Open space: galley welcomes lectures along with art
The Aspen Times
Txell Pedragosa, director of Aspen’s Quintenz Gallery, sees her space as a place where people come with open, curious minds, receptive to new ideas. And while Pedragosa is in the business of selling art, she doesn’t mind if the conversations that happen in the Quintenz space don’t have to do with paintings, photographs and sculptures.
“The gallery is a frame,” she said. “It’s an art gallery that wants to be involved with the most interesting things, the most interesting people in Aspen. We want to frame all that knowledge with our gallery.”
Earlier this month, the Quintenz Gallery partnered with the Anderson Ranch Arts Center to exhibit a preview of the ranch’s Recognition Dinner, showing works that were going to be auctioned off to benefit Anderson Ranch. Last winter, the gallery collaborated with the Aspen Center for Environmental Studies in an exhibition by Daniel Beltra. The Spanish photographer showed his recent works that depict the melting polar ice, while ACES conducted a well-attended conversation with Beltra about his perspective on climate change.

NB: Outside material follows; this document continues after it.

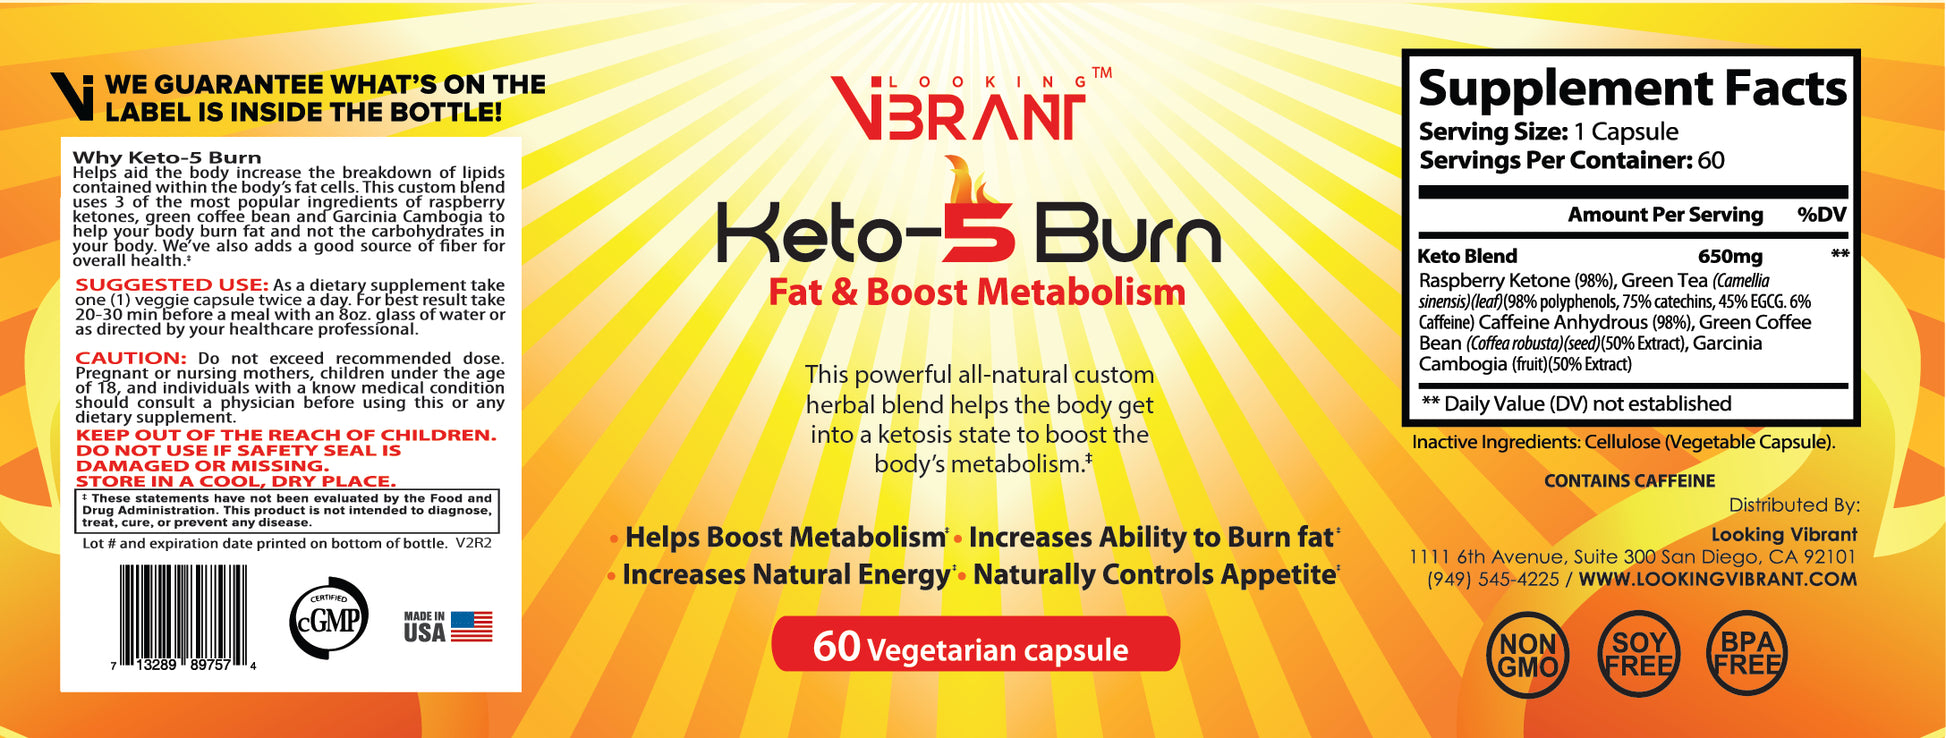 Keto-5 Burn - lookingvibrantcom

Now the gallery pushes even further away from visual art. The Rocky Mountain Institute, an Old Snowmass-based think tank that deals with issues of energy, is starting its new Summer Lecture Series today. The first talk, titled “Rooftop Solar … Everywhere,” takes place at the Pitkin County Library, but after the formal talk, the action moves to the gallery, located adjacent to the gondola at the base of Aspen Mountain.
“It’s the frivolous part, the party afterward,” Pedragosa said. “But things happen then, when people are relaxed and meet each other. Aspen’s been doing that for a long time, connecting people. We want to continue that — let people merge and see what happens.”
Today’s hourlong talk, free and open to the public, is by Rocky Mountain Institute staff members Dan Seif and Jesse Morris. The two will focus on the three factors that are making solar-photovoltaic energy increasingly accessible: low installation costs, cheap financing and new business models.
The next talk in the series, set for Aug. 9 at the Pitkin County Library, is titled “Reinventing Fire: China.” Among those speaking will be Rocky Mountain Institute founder Amory Lovins, and the talk will touch on the institute’s partnership with China to create a five-year energy plan. Megan Shean, director of the institute’s National Solutions Council, says that the topic is significant enough that the talk will have an encore date, Aug. 27, at the Basalt Library (though Lovins is not scheduled to be present at that presentation).
The series concludes Sept. 17 back at the Pitkin County Library, with a reception again following at Quintenz Gallery. The final topic is “Carbon Fiber Cars: Are We There Yet?”
Shean said the lectures, which follow a series that the Rocky Mountain Institute used to present at the Given Institute, are intended for a broad audience. She expects the Q-and-A sessions to reflect a wide range of audience knowledge.
“Someone would ask a very technical question; then someone would ask a very basic question,” she said of the past series.
Pedragosa added that the receptions are open to everyone — even those who don’t attend the lectures.
“Even if you don’t see the talk, you can come here, meet people, learn about what (the Rocky Mountain Institute) has been doing,” she said. “In a gallery, with a glass of wine — maybe that makes it easier.”